Villages were usually constructed deep in high mountain valleys, where they were relatively secure from attack. Mountain fortresses were also often constructed as places of refuge during war. The minor states which made up the federations are usually considered to have covered about as much land as a modern-day myeon, or township.

Based on historical and archeological records, river and sea routes appear to have been the primary means of long-distance transportation and trade (Yi, 2001, p. 246). It is thus not surprising that Jinhan and Byeonhan, with their coastal and river locations, became particularly prominent in international trade during this time.

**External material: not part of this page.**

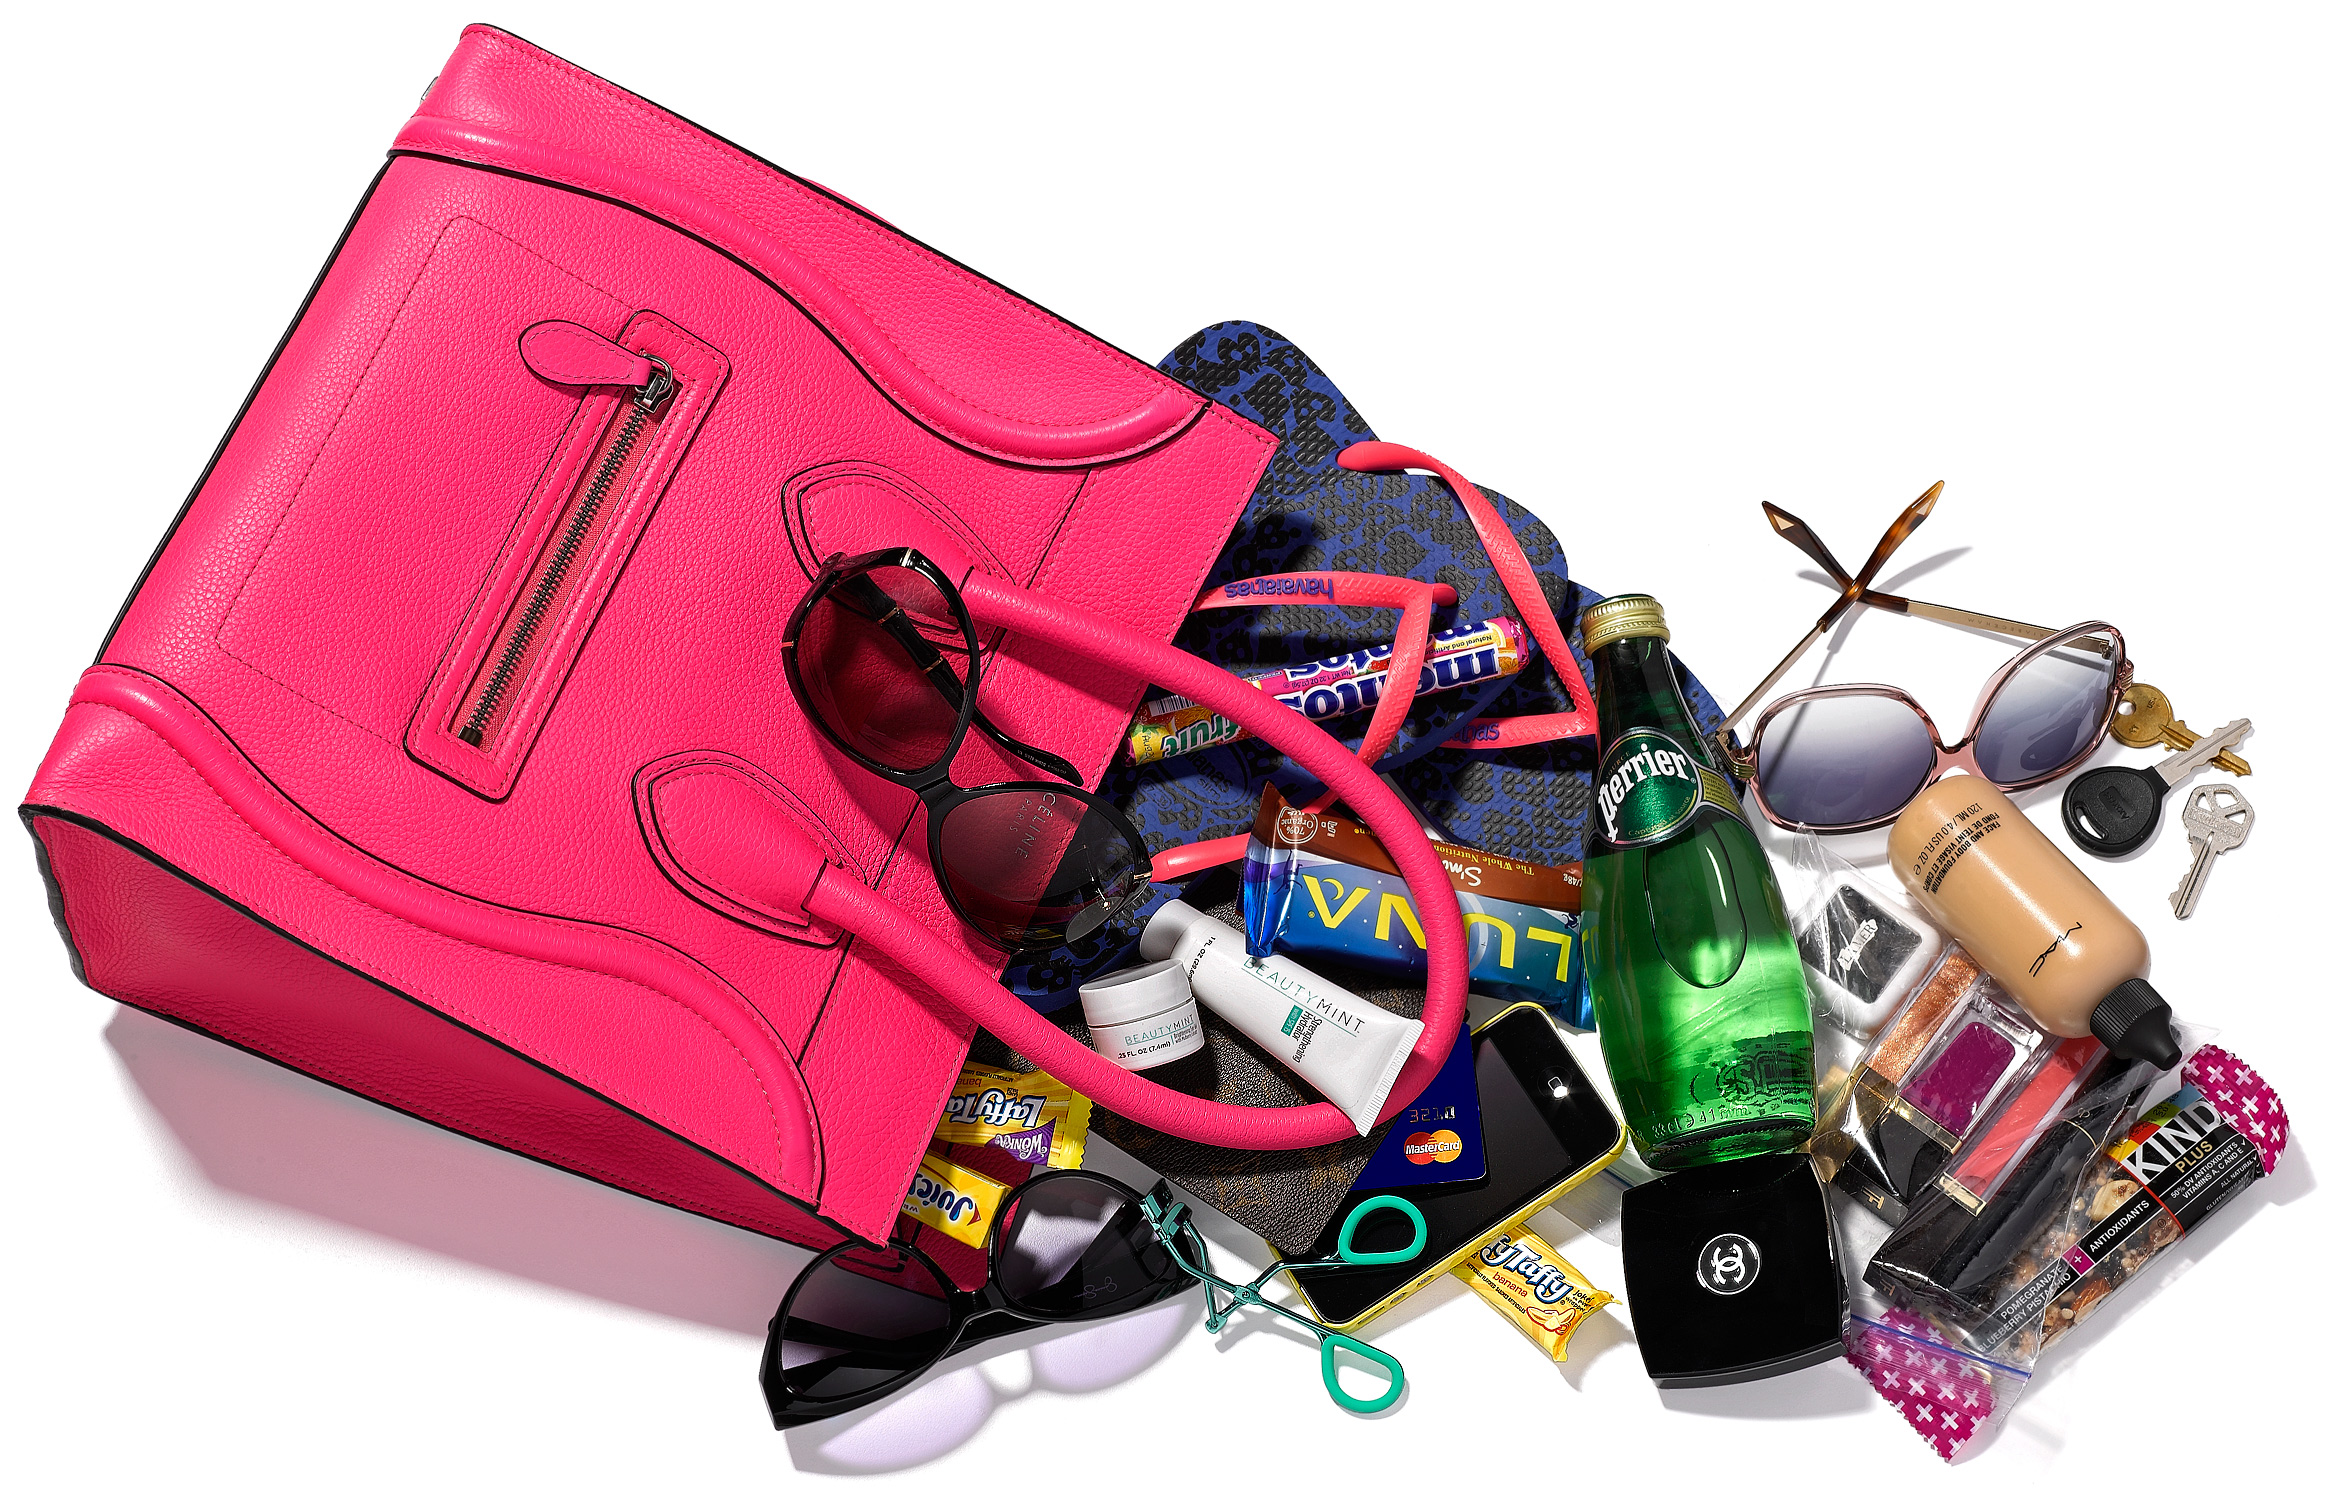 Pink Jessica Simpson purse | Jessica simpson purses, Clothes design, Purses

One of the most prominent leader of the Han (Korean: 한; 韓) Immigration was King Jun of Gojoseon from the northern Korea, having lost the throne to Wiman, fled to the state of Jin in southern Korea around 194 - 180 BC.[9] He and his followers established Mahan which was one of the Samhan ("Three Hans"), along with Byeonhan and Jinhan. Further Han(韓) migration followed the fall of Gojoseon and establishment of the Chinese commanderies in 108 BC.

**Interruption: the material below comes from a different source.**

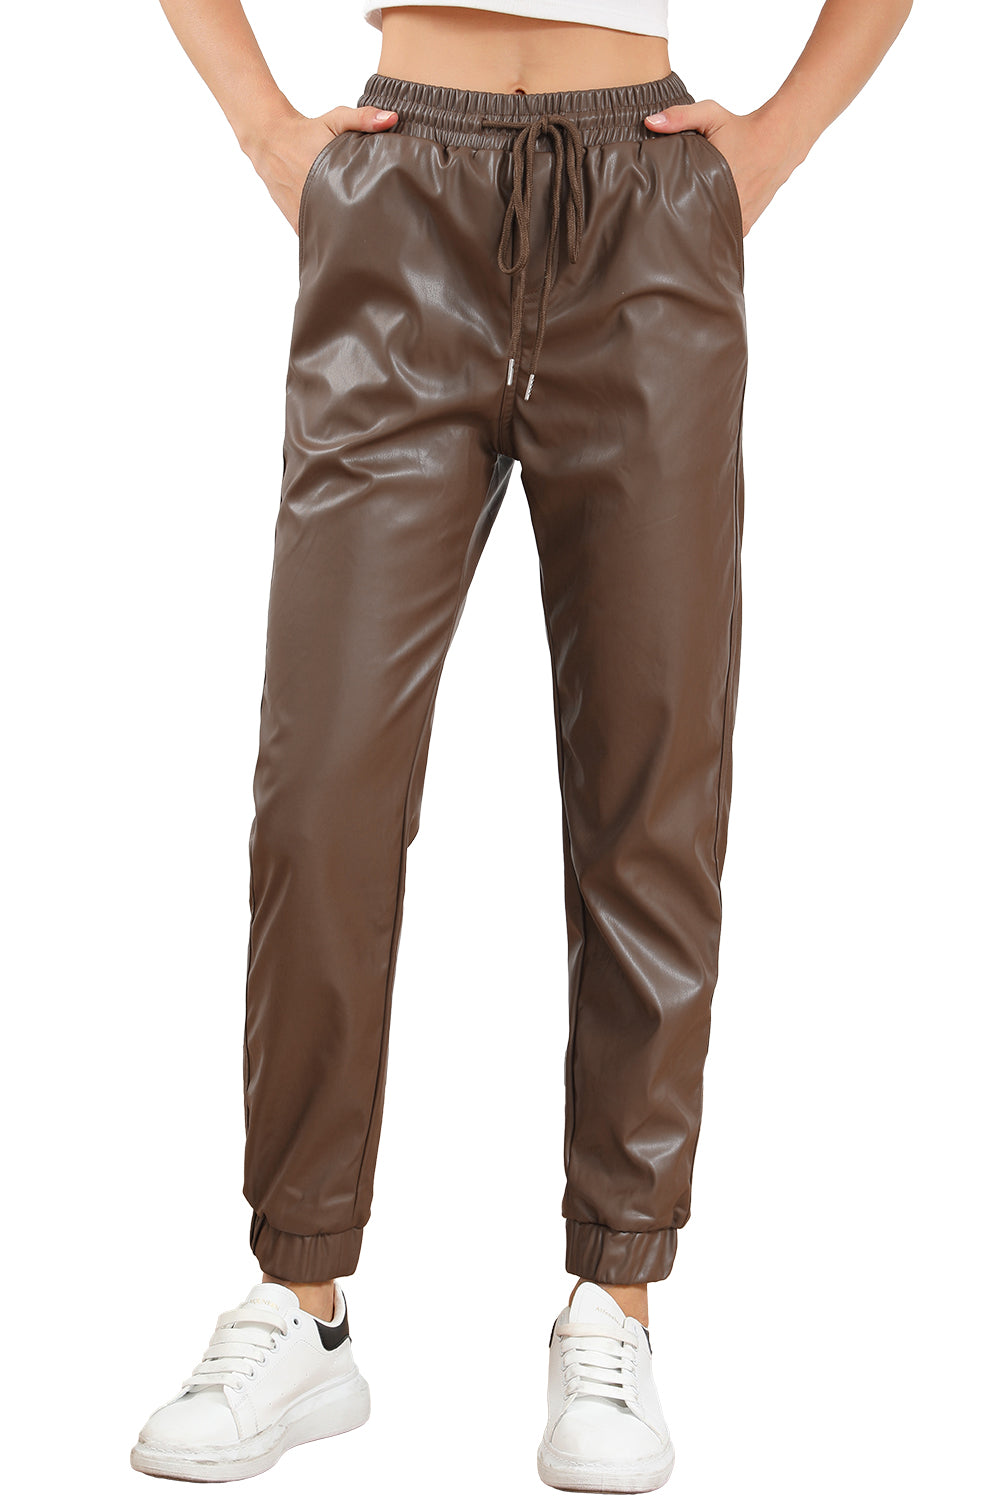 Brown Leather Tie Waist Jogger Womens Pants - US2EInc Apparel Plug Ltd. Co

The Samhan languages (Korean: 삼한어; 三韓語) were a branch of the ancient Koreanic languages,[10][11][12][13][14][15][16] referring to the non-Buyeo Koreanic languages,[10] once spoken in the southern Korean Peninsula, which were closely related to the Buyeo languages.[14]

The Samhan languages were spoken in the Mahan, Byeonhan and Jinhan.[11][12][13] The extent of Han languages is unclear. It is generally accepted as including Sillan, and may also have included the language(s) spoken in Baekje. A number of researchers have suggested that Baekje may have been bilingual, with the ruling class speaking a Puyŏ language and the commoners speaking a Han language.[17][18][19][20]

Linguistic evidence suggests that Japonic languages (see Peninsular Japonic) were spoken in large parts of the southern Korean Peninsula, but its speakers were eventually assimilated by Koreanic-speaking peoples and the languages replaced/supplanted.[21][22][23] Evidence also suggests that Peninsular Japonic and Koreanic languages co-existed in the southern Korean Peninsula for an extended period of time and influenced each other.[24][25][26] As has been suggested for the later Korean kingdom of Baekje,[20][17][18][19] it is possible that the Samhan states were bilingual prior to the complete replacement of Peninsular Japonic by Koreanic languages.


The Samhan saw the systematic introduction of iron into the southern Korean peninsula. This was taken up with particular intensity by the Byeonhan states of the Nakdong River valley, which manufactured and exported iron armor and weapons throughout Northeast Asia.

The introduction of iron technology also facilitated growth in agriculture, as iron tools made the clearing and cultivation of land much easier. It appears that at this time the modern-day Jeolla area emerged as a center of rice production (Kim, 1974).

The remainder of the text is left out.